Source New Mexico contacted Griffin’s lawyers by phone and email and called a number listed for Griffin on the Otero County Commission website, but was not able to reach either Griffin or his lawyers before publication of this article. A public information officer for the US Attorney’s Office in Washington, D.C. declined to comment. A spokesperson officer for the US Attorney’s Office in Washington, D.C. declined to comment.
Griffin continued agitating against the election results after Jan. 6 and made threatening remarks towards Congress and President Joe Biden, according to the sentencing report.
In a video recorded the day after the Capitol riot, Griffin said the riot could have been worse.
“You want to say that was a mob? You want to say that was violence? No, sir. No, ma’am. No, we could have had a 2nd Amendment rally on those same steps that we had that rally yesterday,” Griffin said in the video. “You know, and if we do, then it’s gonna be a sad day, because there’s gonna be blood running out of that building.”
A week later, Griffin said that he was planning to return to D.C. for Biden’s inauguration and would bring guns with him, according to the sentencing report. Following his arrest, he continued to insist he did nothing wrong, and posted tweets insulting the federal judge overseeing his case.
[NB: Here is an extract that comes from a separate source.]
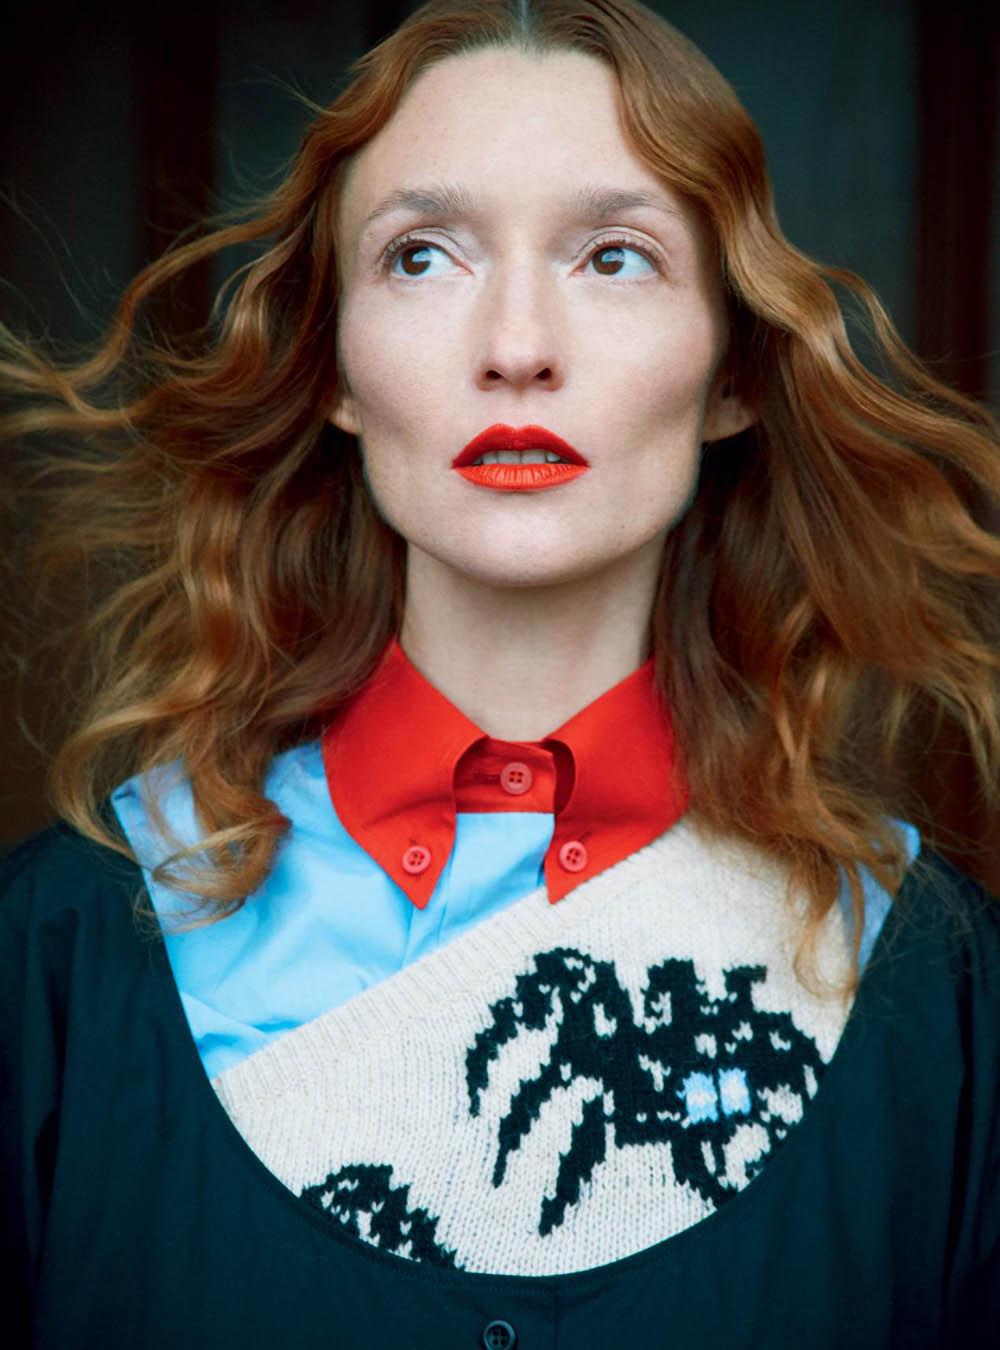 Audrey Marnay by Erik Madigan Heck for Harper's Bazaar UK April 2018

Webpages set up for Griffin’s defense also raised over $50,000 online, despite the fact that he was using court-appointed lawyers at no cost to himself. The sentencing report notes that the webpage posted a picture of a $5,000 check written from Couy Griffin to the Barnett Law Firm. The Barnett Law Firm did not represent Griffin in his Capitol riot case.
In the sentencing memorandum, government lawyers recommended a sentence of 90 days in jail for Griffin, noting that he has shown “an utter lack of remorse for his actions.”
The government also recommended Griffin pay a fine of $1,000 and additional restitution of $500. Noting the more than $50,000 he raised, prosecutors wrote that Griffin “should not be able to ‘capitalize’ on his participation in the Capitol siege in this way.”
In their own sentencing memo, Griffin’s lawyers argued that he is in fact sorry for his actions.
“Griffin deeply regrets his decision to climb on the inaugural platform and enter the restricted area. To the extent his presence there contributed to the distress of outnumbered law enforcement officers, he offers them his sincere apology,” the lawyers wrote. “Though he is of limited means, Griffin would seize an opportunity to offer assistance to injured officers and to contribute to the repair of physical damage to the Capitol.”
Griffin requested a sentence “no greater than two months’ probation,” the lawyers wrote.
This week, Griffin and the other two members of the Otero County Commission refused to certify the results of the state’s June 7 primary election, citing vague concerns about voting machines. The New Mexico Supreme Court Wednesday ordered the commission to reconvene by June 17 and certify the results.
Griffin told CNN Thursday that he was planning to defy the court order.
The Secretary of State’s office also referred Griffin and the other two members of the Otero County Commission, Vickie Marquardt and Gerald Matherly, to the New Mexico Attorney General’s office for potential criminal prosecution.
In the referral, the Secretary of State alleged that the members of the commission likely committed felonies when they refused to follow election code by voting not to certify the primary results, as well as by voting at an earlier meeting to discard legally-mandated election procedures by removing ballot dropboxes, removing voting machines and ordering an unauthorized hand recount of the ballots.